In conclusion, 3D organotypic raft cultures recapitulate several histological features of the in vivo tissues from which the cells were initially derived.
Epithelial origin is the primary determinant of transcriptomic variability between foreskin, cervix, and tonsil-derived 3D rafts
We analyzed the transcriptome of 3D organotypic epithelial tissues using RNA-seq (S1 and S2 Files) to compare and contrast foreskin, cervix, and tonsil-derived tissues. We carefully peeled the epidermis off the dermal equivalent and isolated total RNA from these cells. Poly-A enriched cDNA was sequenced by a commercial provider using an Illumina NovaSeq. Table 1 shows that sequencing depth (average ~29 million paired-end reads per sample) and quality (~98% of sequences had at least a Q30 quality score) were sufficient for further analyses [89, 90]. Roughly 97% of the paired-end sequencing reads for each sample were mapped to the human reference (GRCh38, Table 2) using HISAT2 [57]. The library-size correction was performed using DESeq2 [59] (S3 File). Cook’s distances for all samples were inspected via violin plots to ensure no individual samples were overtly contributing to outliers (S2A Fig). From the 31,033 genes with detectable counts, 12,038 were excluded due to low counts (mean count < 3), and 70 were excluded as count outliers (based on Cook’s distance, S2B Fig).
As an initial analysis, we used principal components to analyze the top 500 varying genes (based on gene-level counts). Principal component analysis revealed that each tissue had a distinct transcriptional profile (Fig 3). The scree plot in Fig 3A shows that Principal Component 1 (PC1; 41%) and PC2 (28%) explain 69% of the variance. PC1 and PC2 visually distinguish foreskin (green), cervix (orange), and tonsil (blue) derived tissues from each other (Fig 3B), further supporting that 3D organotypic rafts maintain tissue-specific features. The density plots for each tissue along both PC1 and PC2 demonstrate the spatial separation of these transcriptomes along the axes of the individual principal components. We used pcaExplorer [60] to draw 95% confidence interval ellipses around each set of samples belonging to a specific tissue (Fig 3B). The lack of overlap between the ellipses statistically supports that foreskin, cervix, and tonsil-derived tissues have different transcriptional profiles. This separation is further confirmed using a multivariate analysis of variance (MANOVA; P-value = 2.89 x 10−5).

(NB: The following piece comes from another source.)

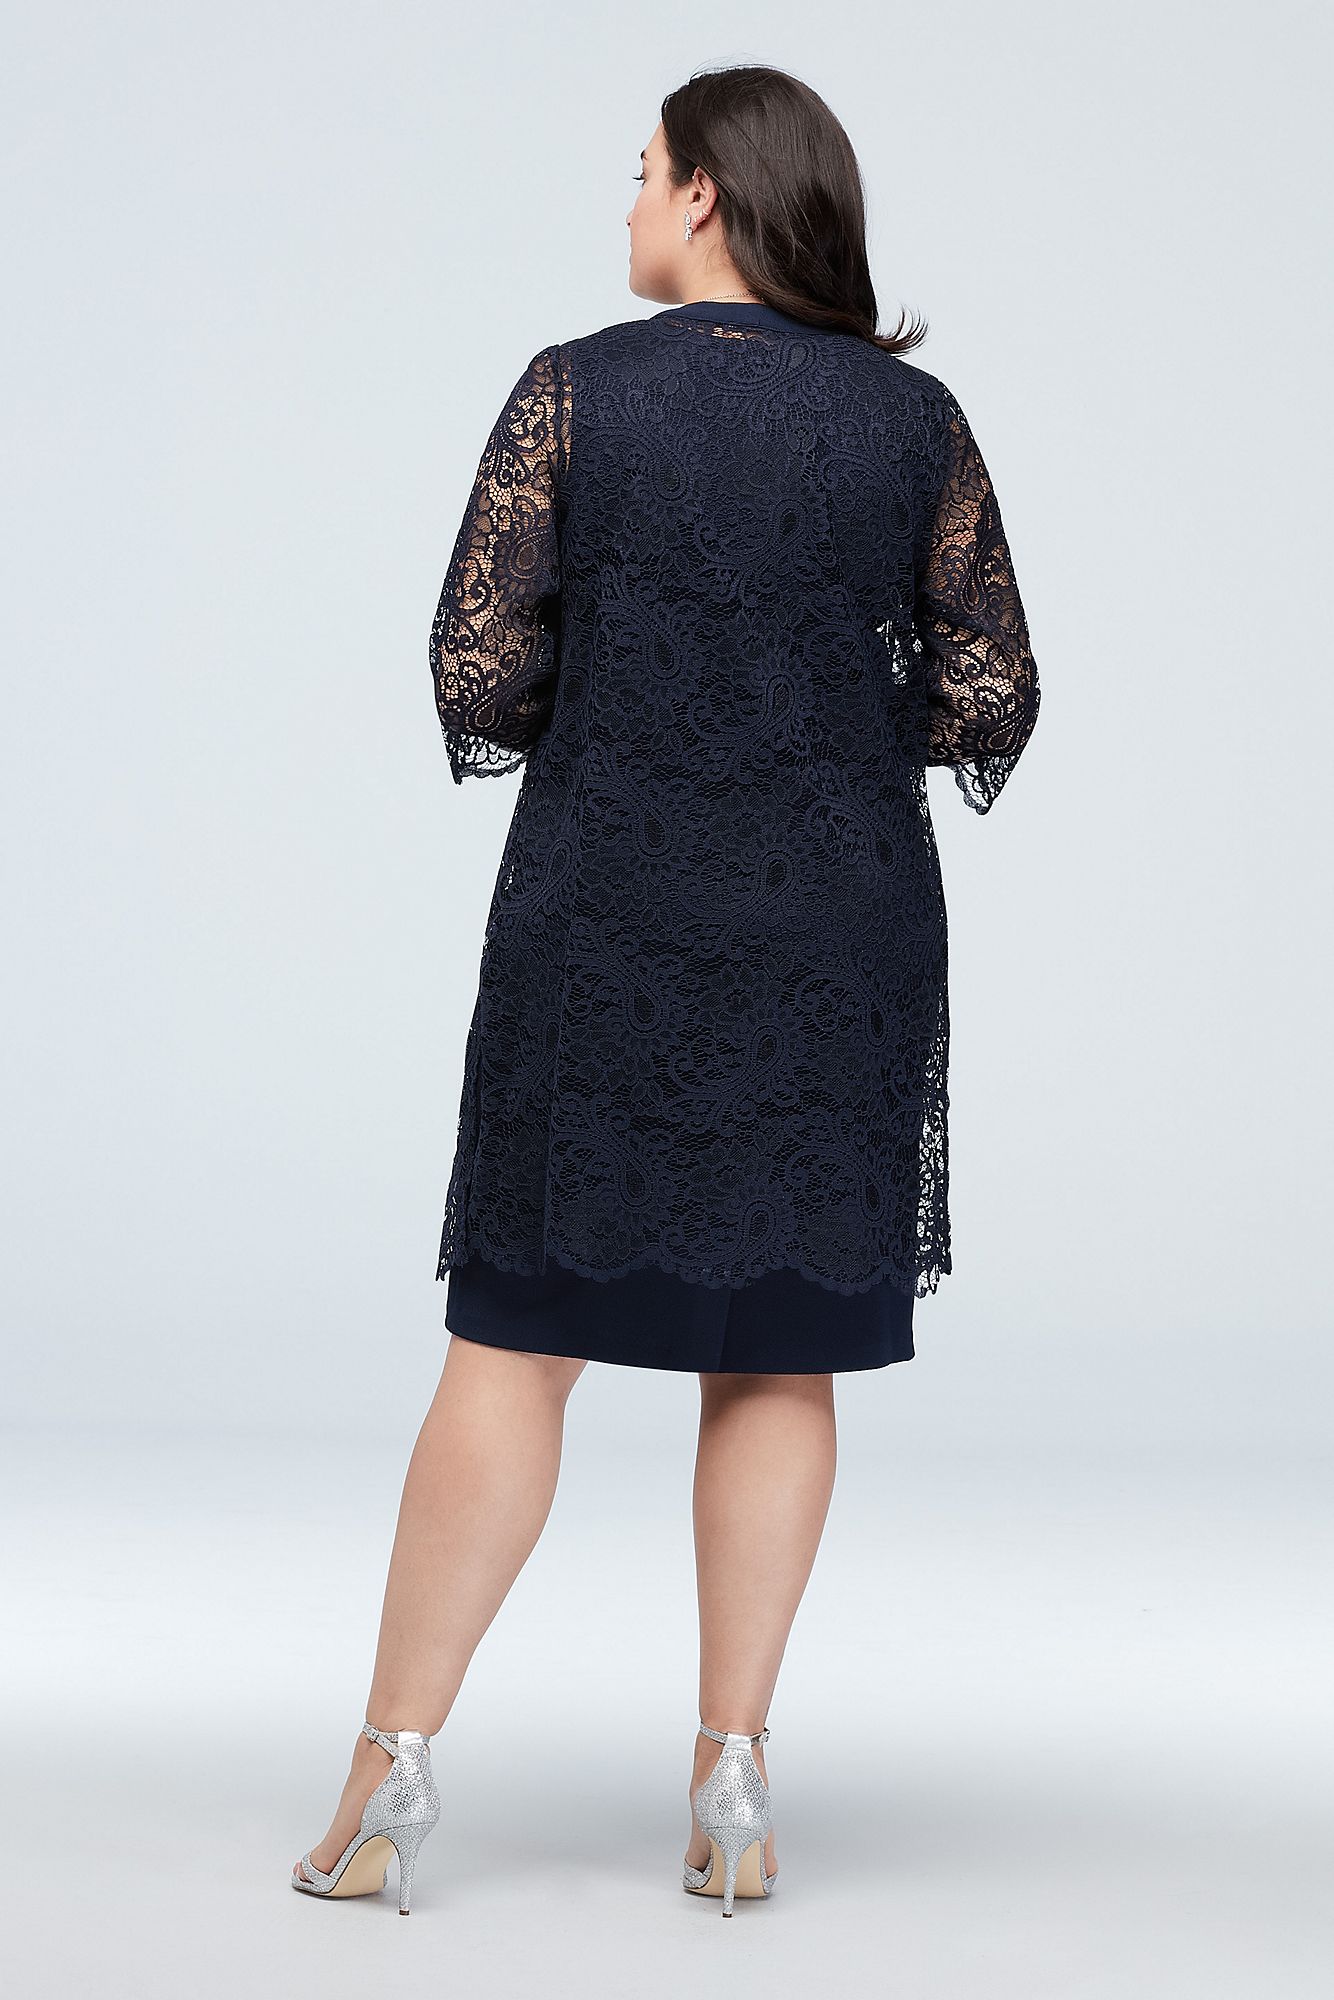 Above Knee Beaded V-neck Dress with Lace Jacket Style 27805

(A) Scree plot of principal components (PCs) and their variance explained (%), totaling 100%, using the top 500 varying genes (variance-stabilized counts) detected by RNA-seq. PC1 (41%) and PC2 (28%) explained the majority (~70%) of transcriptional variability. (B) Principal component analysis (PCA) plot of 3D organotypic raft culture transcriptomes (top 500 varying genes, variance-stabilized counts), each point represents an individual raft culture from an independent donor, biological sex labeled (♂, male; ♀, female), with 95% confidence ellipses for the tissue origin groups. Density plots for PC1 and PC2 are plotted opposite the respective axis. (C) Verification of biological sex by sex-specific marker XIST. DESeq2 normalized (library-size corrected) counts for each sample confirmed sample identity.
Importantly, these analyses demonstrate that the tissue origin of keratinocytes, rather than the genetics of the individual donor, is the primary driver of transcriptomic variability of 3D organotypic raft cultures. Of note, biological sex, as determined by the sex-specific expression marker XIST (Fig 3C), is not a significant contributor to transcriptional variability among our samples, as T1 (♂, male) clusters closely to T2 (♀, female) (Fig 3B).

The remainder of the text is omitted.